START Data provided

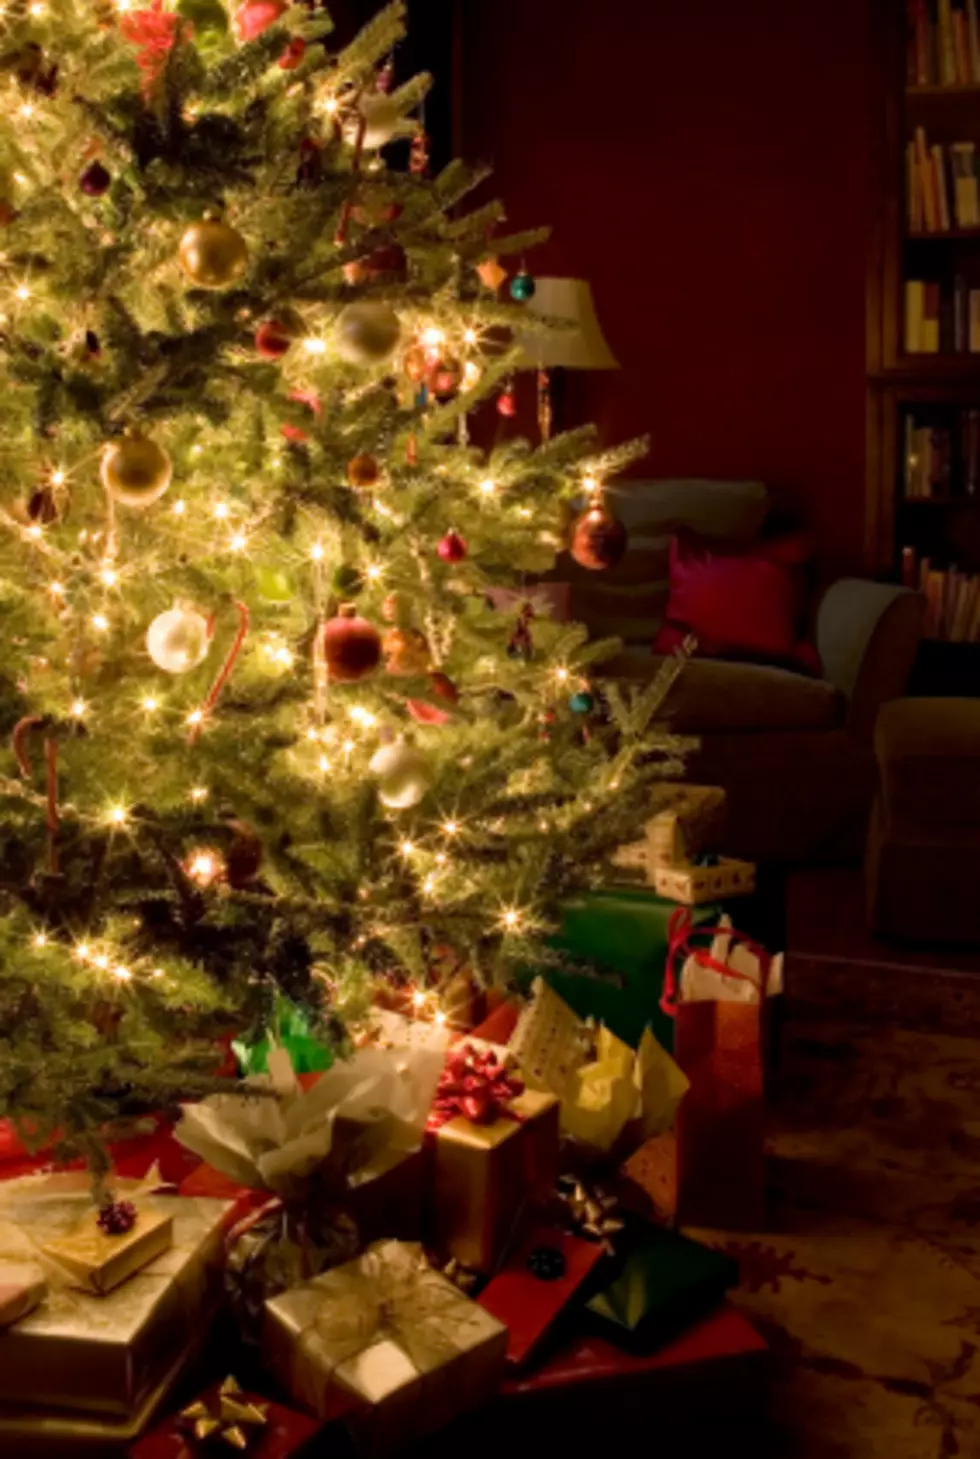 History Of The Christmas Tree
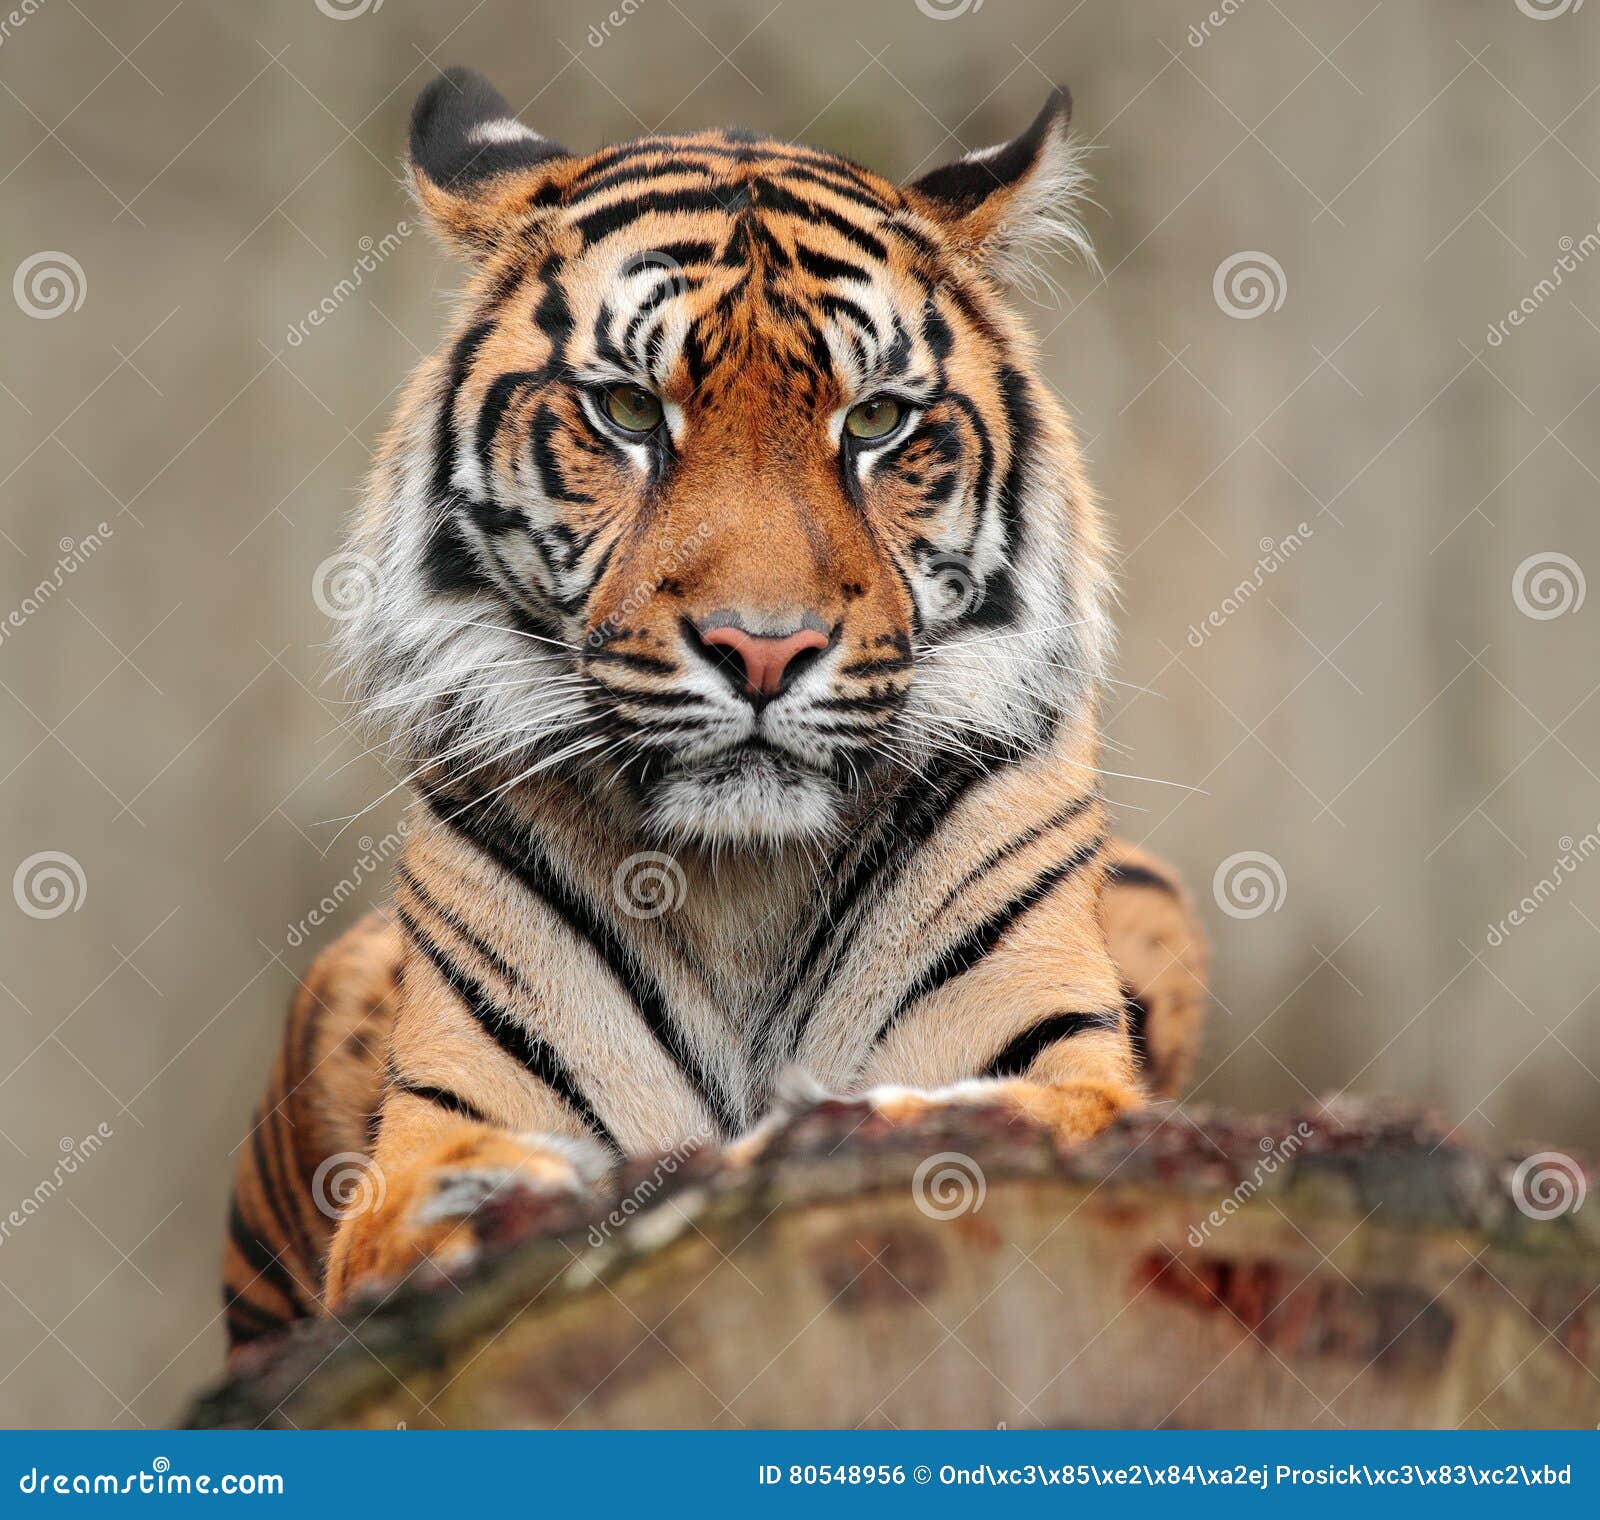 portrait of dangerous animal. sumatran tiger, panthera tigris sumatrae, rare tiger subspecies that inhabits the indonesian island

END Data provided
START Data provided

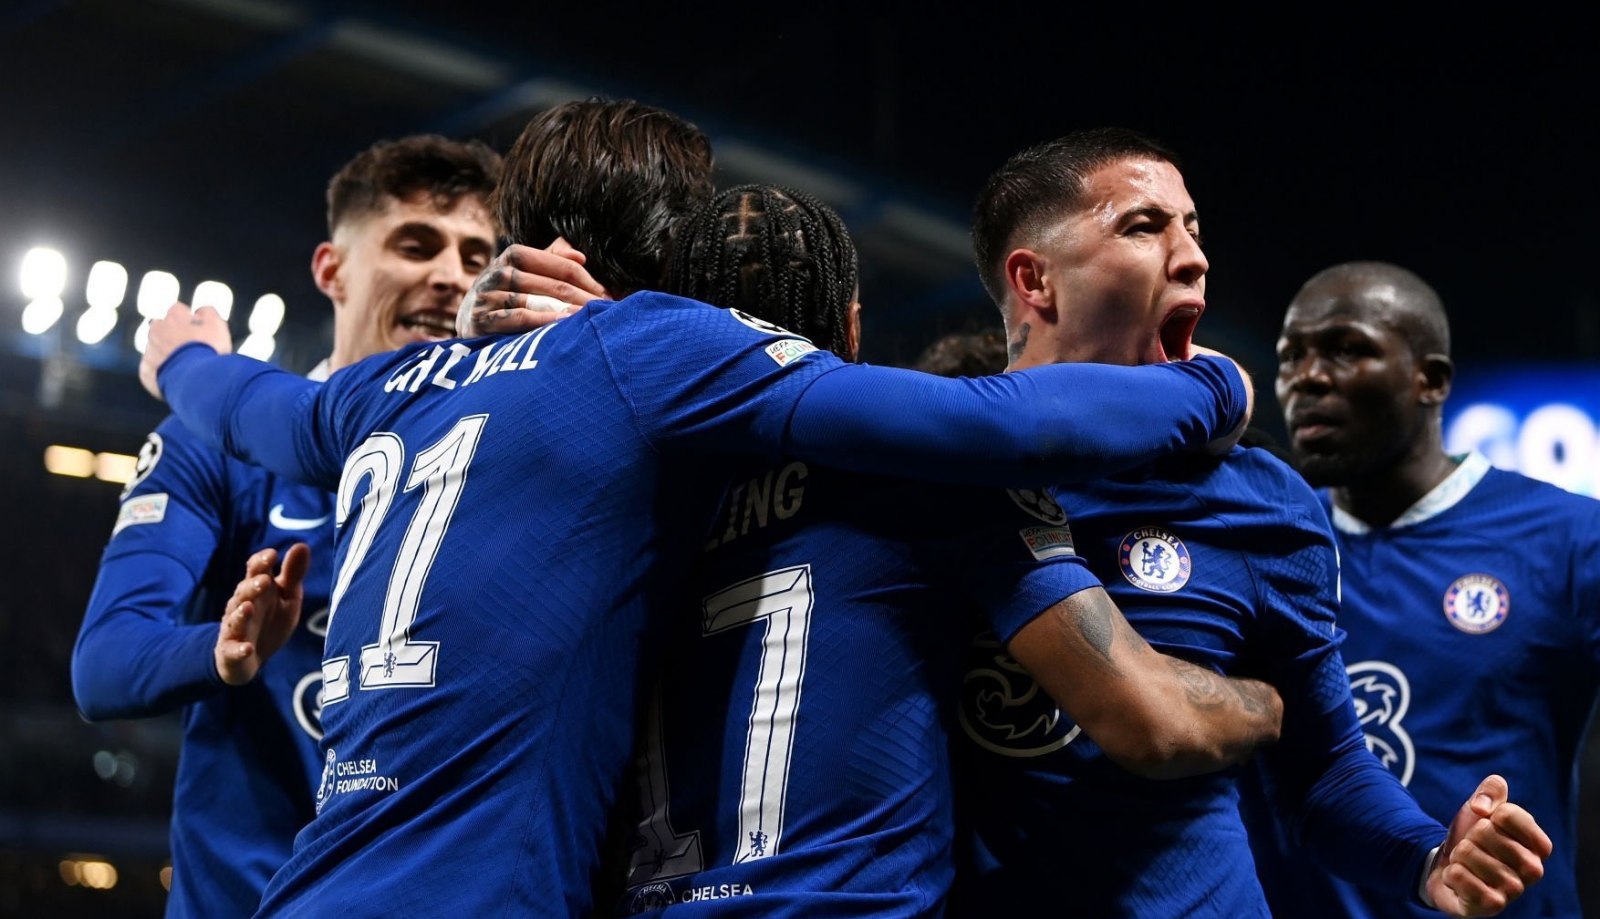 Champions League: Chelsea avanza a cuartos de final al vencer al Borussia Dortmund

END Data provided

__Your assignment__:
Using the entries above, extract exactly the lines from the one that contains "History Of The Christmas Tree" through the one that contains "portrait of dangerous". Do not carry over any pictures.

__Exercise result__:
 History Of The Christmas Tree
 portrait of dangerous animal. sumatran tiger, panthera tigris sumatrae, rare tiger subspecies that inhabits the indonesian island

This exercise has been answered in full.